Reuters: “Council of Europe to vote on creationism next week”
The Council of Europe’s Parliamentary Assembly will spend part of next week debating and voting on a resolution that opposes the teaching of creation and intelligent design in science classes, saying attacks on evolutionary theory are based on “forms of religious extremism” that attack both science and human rights. A Reuters wire explains:
The resolution, on the agenda for October 4, says European schools should “resist presentation of creationist ideas in any discipline other than religion.” It describes the “intelligent design” argument as an updated version of creationism.
The vote was postponed because some council members “felt the original text amounted to an attack on religious belief.”
Reuters reports that the original draft resolution was to be voted on in June, but the vote was postponed because some council members “felt the original text amounted to an attack on religious belief.”
Assembly member Anne Brasseur tellingly describes the contradictory nature of the resolution, claiming, “There are different views of the creation of the world and we respect that. The message we wanted to send was to avoid creationism passing itself off as science and being taught as science. That’s where the danger lies.”
In other words, the view of Ms. Brasseur and many of her associates is that the different views of creation are to be respected—so long as none of them are taken to be scientifically accurate, which would be dangerous!
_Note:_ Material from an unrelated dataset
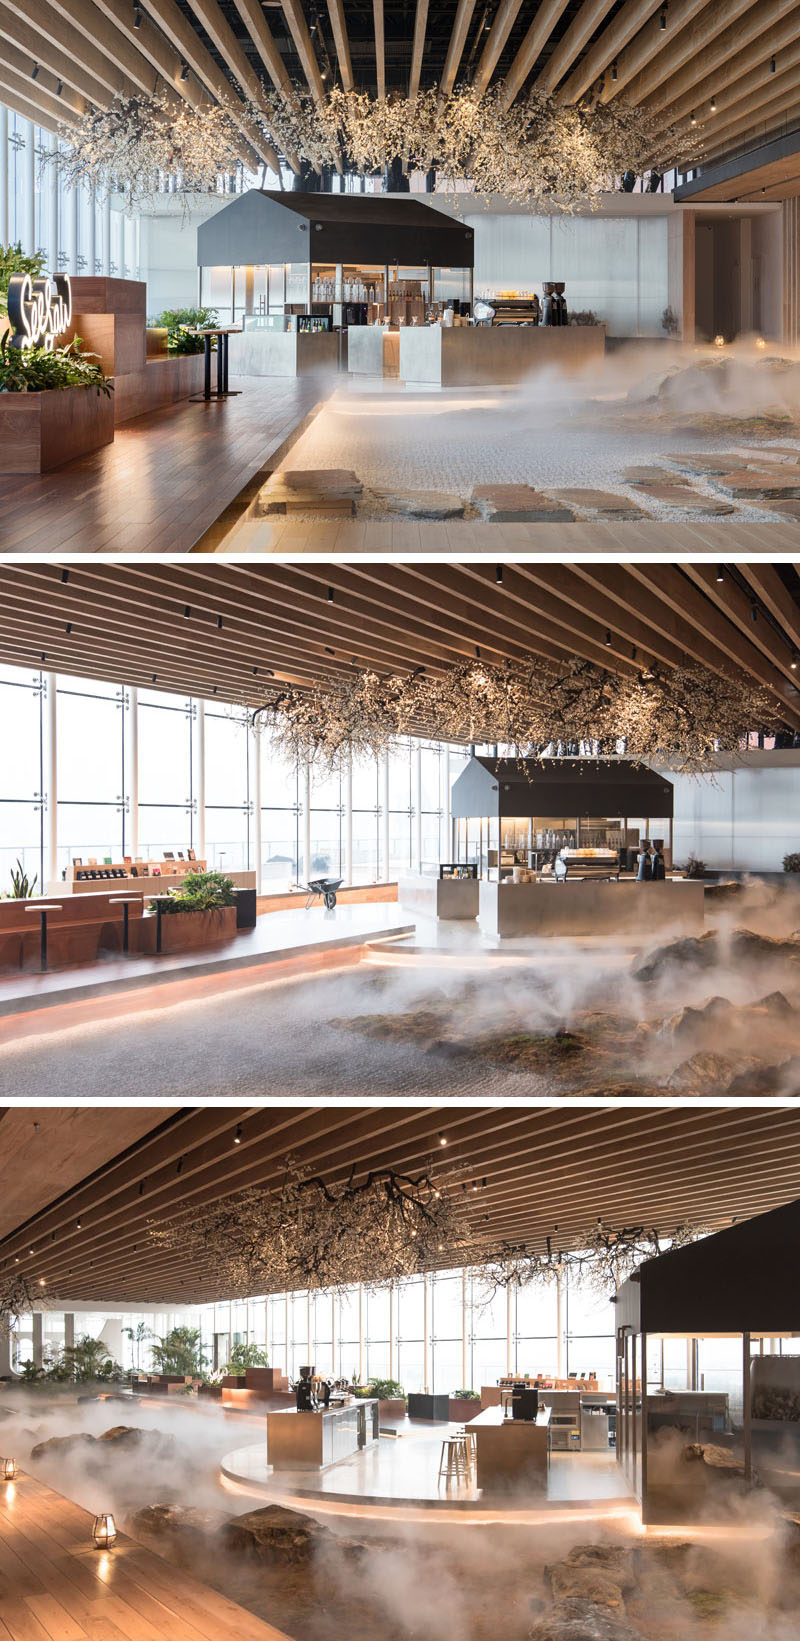 This modern coffee shop has a stepping stone path that leads through a mist-covered landscape with mossy rocks and sand, to a wooden 'ship deck'. The mist-covered landscape represents the water surface that surrounds a ship. #CoffeeShop #Cafe #InteriorDesign #Landscaping

And who gets to decide what is scientifically accurate, and what is dangerous?
And in a memorandum added to the resolution, Brasseur wrote, “The aim of this report is not to question or to fight a belief. It is not a matter of opposing belief and science, but it is necessary to prevent belief from opposing science.”
Again, it seems Brasseur does not want to “question” or “fight” any beliefs, as long as none of them encroach on science, which Brasseur treats as an objective body of knowledge somehow isolated from “belief”!
Although not binding even if passed, the resolution is perhaps most frightening because it alleges that creation education is not only an attack on science, but also an attack on human rights (the resolution apparently doesn’t explain how). How sadly ironic is it that we’ve headed away from a Western culture that values the free exchange of ideas and toward one, it seems, that refers to Bible-based belief as a dangerous form of religious extremism and where only darwinians are allowed to be the gatekeepers of “truth.”